___ Listed entries ___

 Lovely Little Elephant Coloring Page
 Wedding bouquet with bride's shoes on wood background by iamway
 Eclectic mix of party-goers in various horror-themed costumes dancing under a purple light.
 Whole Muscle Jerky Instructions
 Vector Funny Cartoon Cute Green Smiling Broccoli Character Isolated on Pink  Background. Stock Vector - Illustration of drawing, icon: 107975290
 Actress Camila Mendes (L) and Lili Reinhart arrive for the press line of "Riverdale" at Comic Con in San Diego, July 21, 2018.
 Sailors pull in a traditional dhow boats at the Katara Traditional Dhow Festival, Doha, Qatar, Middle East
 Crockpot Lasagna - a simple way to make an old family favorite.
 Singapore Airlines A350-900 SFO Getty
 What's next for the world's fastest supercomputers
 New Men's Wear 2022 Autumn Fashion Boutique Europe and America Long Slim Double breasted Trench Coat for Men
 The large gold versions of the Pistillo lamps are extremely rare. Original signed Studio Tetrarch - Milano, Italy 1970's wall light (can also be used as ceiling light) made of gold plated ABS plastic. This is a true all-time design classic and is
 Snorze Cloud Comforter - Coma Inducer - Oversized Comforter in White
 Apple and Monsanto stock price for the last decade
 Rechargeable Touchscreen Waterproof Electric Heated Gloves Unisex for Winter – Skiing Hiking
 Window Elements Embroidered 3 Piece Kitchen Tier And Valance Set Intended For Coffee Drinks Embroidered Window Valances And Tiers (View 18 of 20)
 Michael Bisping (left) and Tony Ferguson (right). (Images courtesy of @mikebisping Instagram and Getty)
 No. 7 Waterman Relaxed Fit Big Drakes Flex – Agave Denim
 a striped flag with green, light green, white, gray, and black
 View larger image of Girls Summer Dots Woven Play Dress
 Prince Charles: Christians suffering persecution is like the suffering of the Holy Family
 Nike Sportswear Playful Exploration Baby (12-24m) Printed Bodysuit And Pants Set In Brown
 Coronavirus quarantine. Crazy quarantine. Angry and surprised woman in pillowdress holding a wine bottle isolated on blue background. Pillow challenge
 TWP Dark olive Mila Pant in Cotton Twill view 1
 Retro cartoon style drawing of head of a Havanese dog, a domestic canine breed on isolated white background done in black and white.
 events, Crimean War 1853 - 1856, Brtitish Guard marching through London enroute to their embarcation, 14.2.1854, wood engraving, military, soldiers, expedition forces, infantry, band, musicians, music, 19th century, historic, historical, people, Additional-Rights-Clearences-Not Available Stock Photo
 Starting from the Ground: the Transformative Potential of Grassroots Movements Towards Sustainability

___

Exercise
Every line above is to be duplicated exactly as shown.

Answer box
 Lovely Little Elephant Coloring Page
 Wedding bouquet with bride's shoes on wood background by iamway
 Eclectic mix of party-goers in various horror-themed costumes dancing under a purple light.
 Whole Muscle Jerky Instructions
 Vector Funny Cartoon Cute Green Smiling Broccoli Character Isolated on Pink  Background. Stock Vector - Illustration of drawing, icon: 107975290
 Actress Camila Mendes (L) and Lili Reinhart arrive for the press line of "Riverdale" at Comic Con in San Diego, July 21, 2018.
 Sailors pull in a traditional dhow boats at the Katara Traditional Dhow Festival, Doha, Qatar, Middle East
 Crockpot Lasagna - a simple way to make an old family favorite.
 Singapore Airlines A350-900 SFO Getty
 What's next for the world's fastest supercomputers
 New Men's Wear 2022 Autumn Fashion Boutique Europe and America Long Slim Double breasted Trench Coat for Men
 The large gold versions of the Pistillo lamps are extremely rare. Original signed Studio Tetrarch - Milano, Italy 1970's wall light (can also be used as ceiling light) made of gold plated ABS plastic. This is a true all-time design classic and is
 Snorze Cloud Comforter - Coma Inducer - Oversized Comforter in White
 Apple and Monsanto stock price for the last decade
 Rechargeable Touchscreen Waterproof Electric Heated Gloves Unisex for Winter – Skiing Hiking
 Window Elements Embroidered 3 Piece Kitchen Tier And Valance Set Intended For Coffee Drinks Embroidered Window Valances And Tiers (View 18 of 20)
 Michael Bisping (left) and Tony Ferguson (right). (Images courtesy of @mikebisping Instagram and Getty)
 No. 7 Waterman Relaxed Fit Big Drakes Flex – Agave Denim
 a striped flag with green, light green, white, gray, and black
 View larger image of Girls Summer Dots Woven Play Dress
 Prince Charles: Christians suffering persecution is like the suffering of the Holy Family
 Nike Sportswear Playful Exploration Baby (12-24m) Printed Bodysuit And Pants Set In Brown
 Coronavirus quarantine. Crazy quarantine. Angry and surprised woman in pillowdress holding a wine bottle isolated on blue background. Pillow challenge
 TWP Dark olive Mila Pant in Cotton Twill view 1
 Retro cartoon style drawing of head of a Havanese dog, a domestic canine breed on isolated white background done in black and white.
 events, Crimean War 1853 - 1856, Brtitish Guard marching through London enroute to their embarcation, 14.2.1854, wood engraving, military, soldiers, expedition forces, infantry, band, musicians, music, 19th century, historic, historical, people, Additional-Rights-Clearences-Not Available Stock Photo
 Starting from the Ground: the Transformative Potential of Grassroots Movements Towards Sustainability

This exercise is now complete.